Among the reciprocal obligations between a husband and wife is that of support, which
is established by law.

FACTS:
A physician from Cebu named Arturo Pelayo was called to the defendants' San Nicolas
home, Marcelo Lauron & Juana Abella. Their daughter-in-law was ready to give birth,
they asked him to provide medical care. He had to use forceps to perform a surgery to
remove the fetus because the birth had been challenging. The afterbirth was also taken
out. He didn't complete them all till the next morning. Without any good reason,
defendants refused to pay said amount. Thus he filed a case praying for a judgment in
his favor against defendants for the sum of P500.00 + costs along with other relief that
may be deemed proper. The defendants claimed that their daughter-in-law passed
away after giving birth. She accidentally gave birth in their home, and their son and
daughter-in-law lived independently. They prayed that they be absolved. The Court of
First Instant dismissed the complaint due to lack of sufficient evidence to establish right
of action.

ISSUE:
WON the defendants are bound to pay for the services Pelayo rendered to their
daughter-in-law. (NO)

HELD:
The court held that the rendering of medical assistance in case of illness is comprised
among the mutual obligations to which spouses are bound by way of mutual support.
(Arts. 142 and 143.). If every obligation consists in giving, doing, or not doing something
(art. 1088), and spouses are mutually bound to support each other, there can be no
question but that, when either of them because of illness should require medical
assistance, the other is under the unavoidable obligation to furnish the necessary
services of a physician so that health may be restored, and he or she may be freed from
the sickness by which life is jeopardized; the party bound to furnish such support is
therefore liable for all expenses, including the fees of the medical expert for his
professional services. This liability originates from the above-cited mutual obligation
which the law has expressly established between the married couple.

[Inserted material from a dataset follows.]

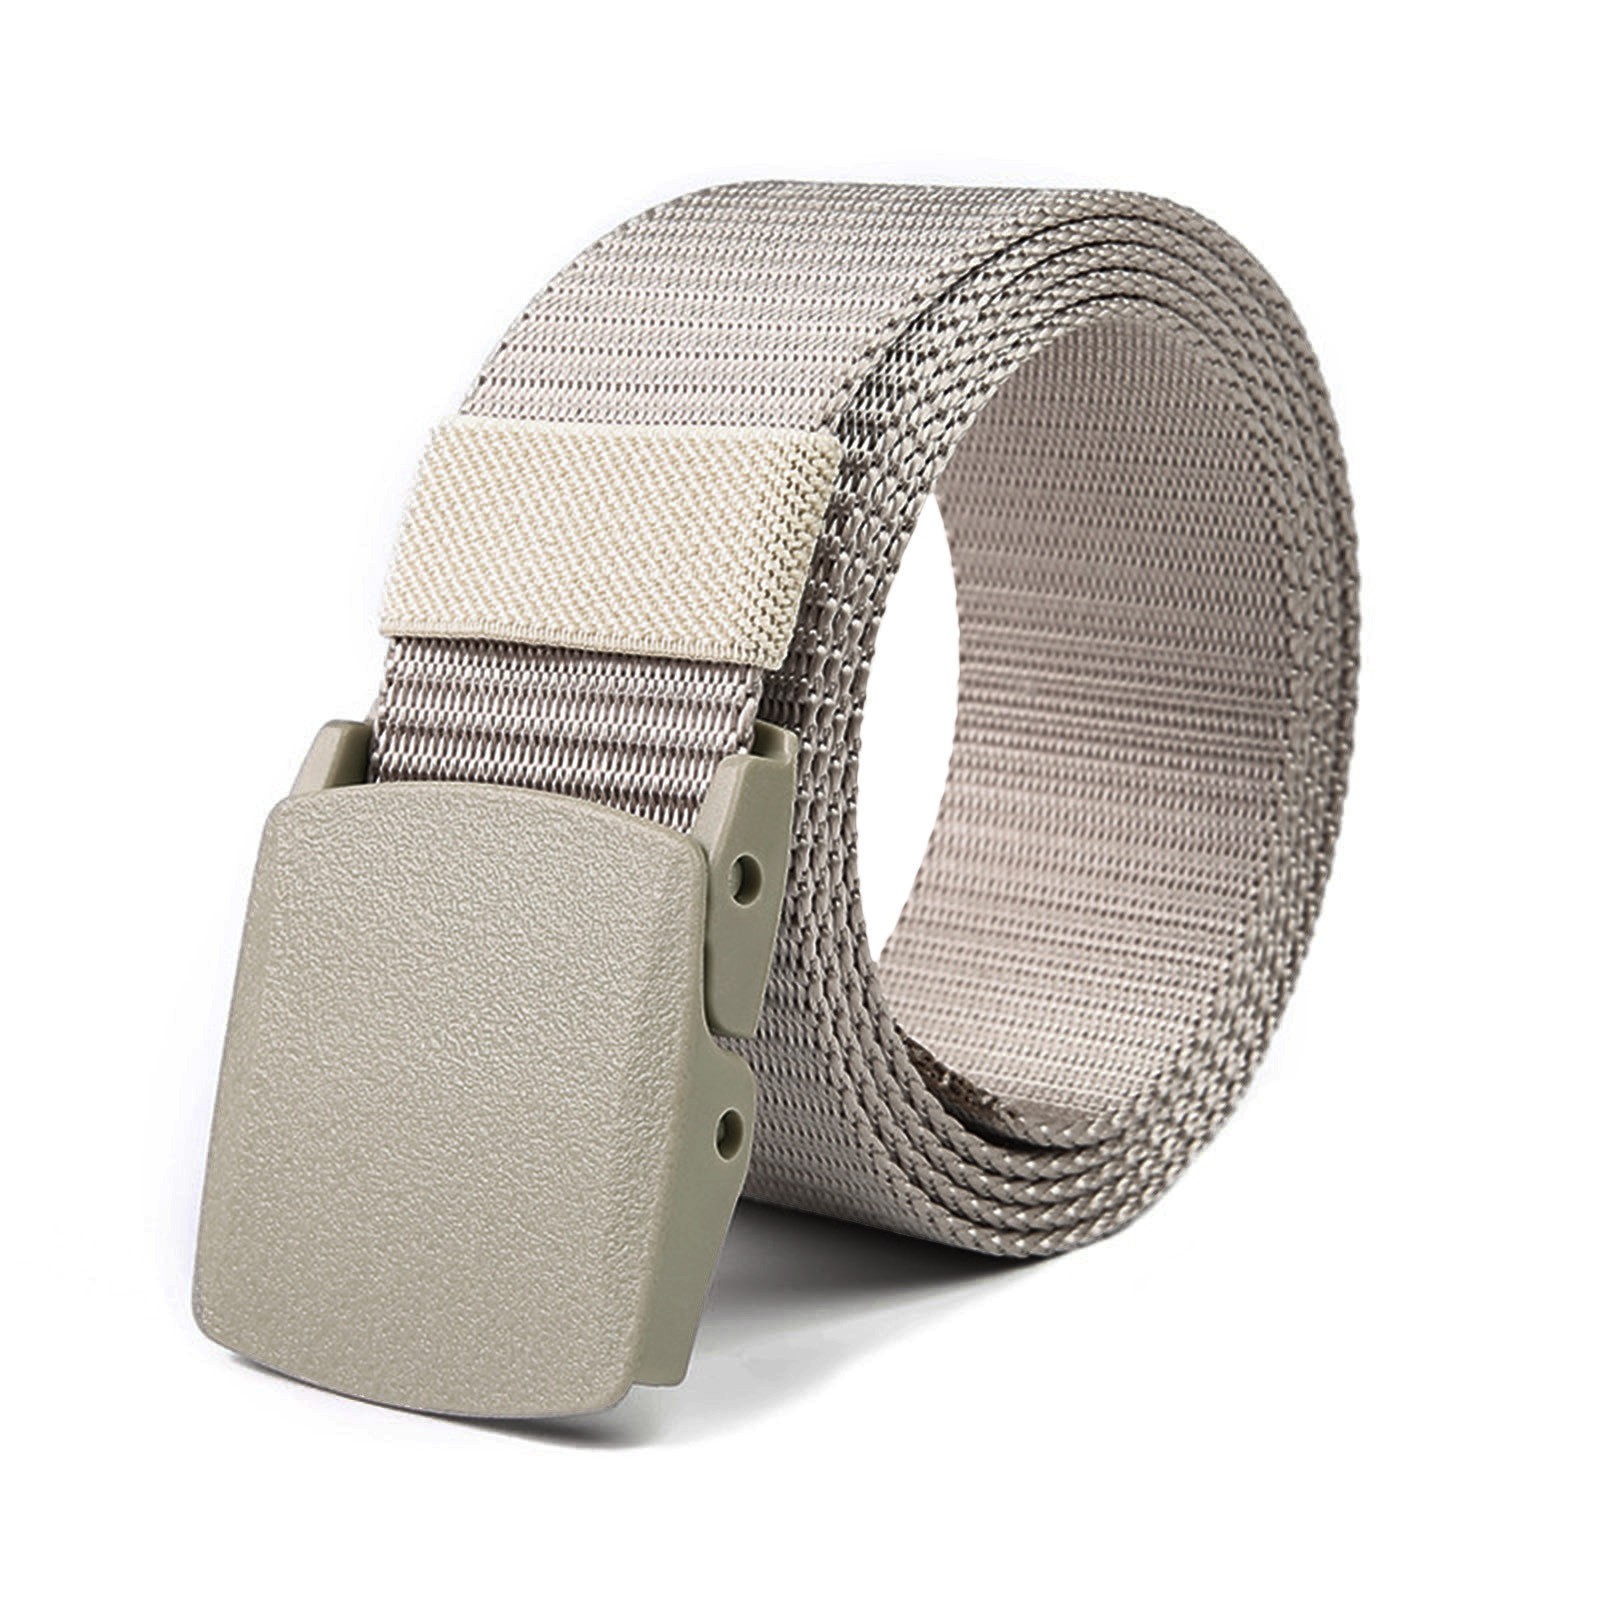 Yubnlvae Belts for Women Mens Adult Unisex Canvas Quick Release Buckle Outer Belt Men's Outdoor Training Belt Belt Beige - image 2 of 3

In the face of the above legal precepts it is unquestionable that the person bound to pay
the fees due to the plaintiff for the professional services that he rendered to the
daughter-in-law of the defendants during her childbirth is the husband of the patient and
not her father and motherin-law, the defendants herein. The fact that it was not the
husband who called the plaintiff and requested his assistance for his wife is no bar to
the fulfillment of the said obligation, as the defendants, in view of the imminent danger
to which the life of the patient was at that moment exposed, considered that medical
assistance was urgently needed, and the obligation of the husband to furnish his wife
with the indispensable services of a physician at such critical moments is specially
established by the law, as has been seen, and compliance therewith is unavoidable;
therefore, the plaintiff, who believes that he is entitled to recover his fees, must direct
his action against the husband who is under obligation to furnish medical assistance to
his lawful wife in such an emergency.